The Care Corps is an expansion of Rocketship’s community schools model, which supports the whole child and families both inside and outside the classroom. It is an old idea that is gaining a lot of traction as the country tries to rebuild schools coming back from COVID-19 closures. However, as we’ve seen serving low-income students of color for the past 15 years, the pandemic only exacerbated inequities that students had battled every day. Integrating student supports like mental health services, small-group instruction and individualized learning into the traditional school day, having a daily, dedicated social-emotional learning bloc, extending learning time, making home visits, engaging with families and collaborating with parents to accelerate learning and growth have been part of Rocketship since Day One.
We could not do this work without the backing of the California Department of Education, which has deeply invested in community schools, starting last spring with a Community Schools Partnership Program grant and expanding this spring with a $3 billion grant program. We are thrilled that Rocketship California is the largest charter network awarded grants as part of the Community Schools Partnership Program.

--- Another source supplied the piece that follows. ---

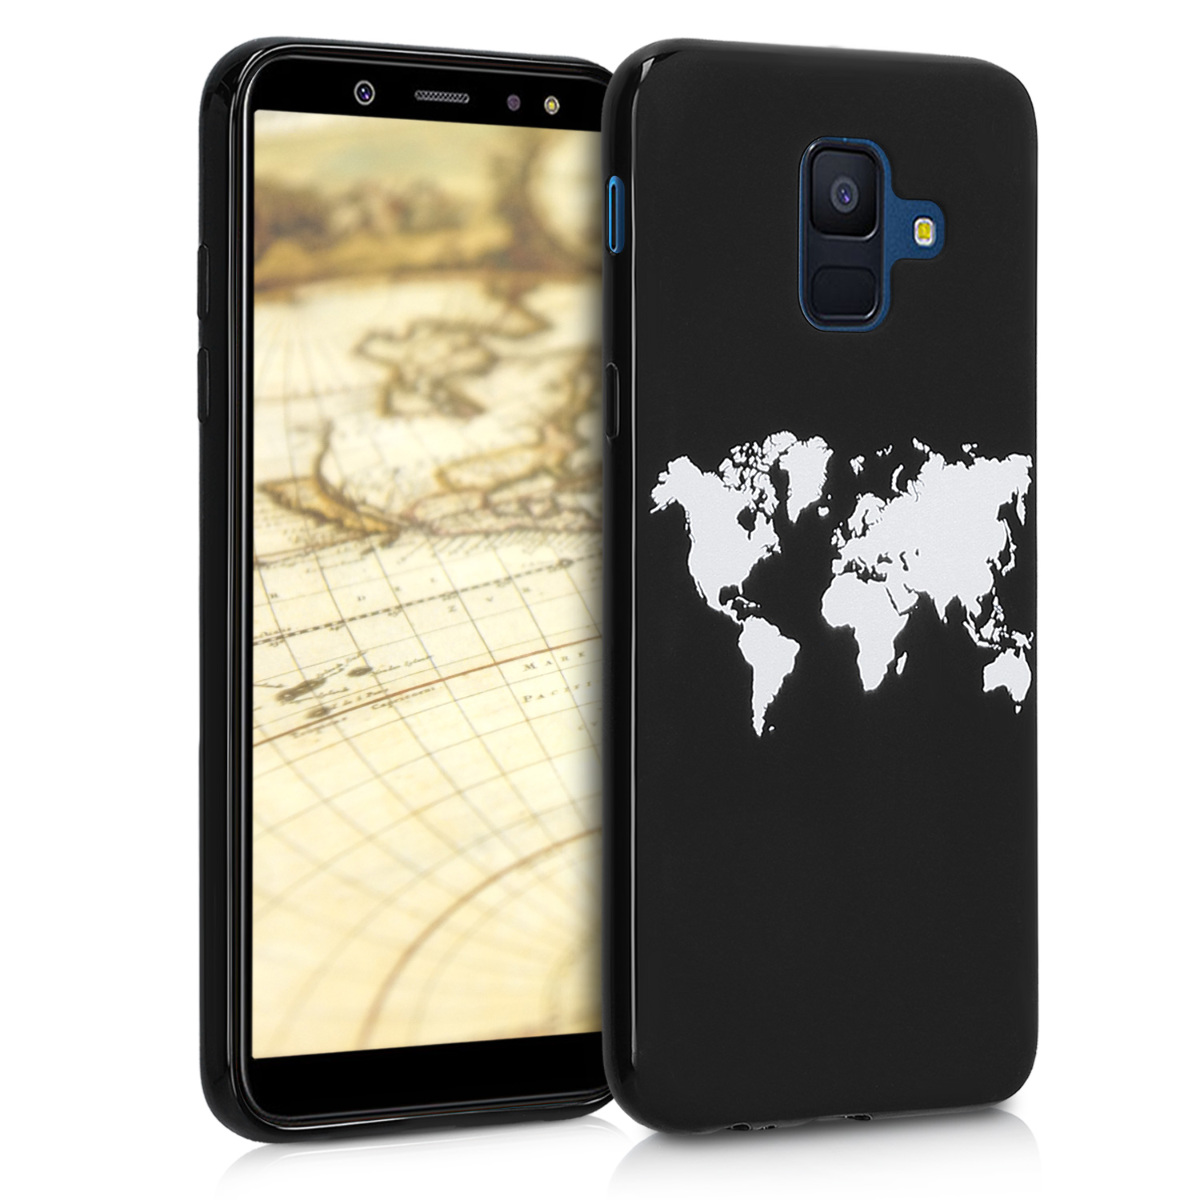 KW Θήκη Σιλικόνης Samsung Galaxy A6 (2018) - Soft Flexible Shock Absorbent - White / Black (46527.03)

Schools are uniquely positioned to be hubs for community wellness and transformation. We have seen what is possible when we invest in community public schools, and our doors are always open to those who want to learn, grow and transform their communities.
COVID revealed the critical importance and power of community schools — not just in times of crisis, but as foundations for vibrant, thriving cities. It’s time to come together and seize this opportunity to reimagine and unleash the true power of community public schools.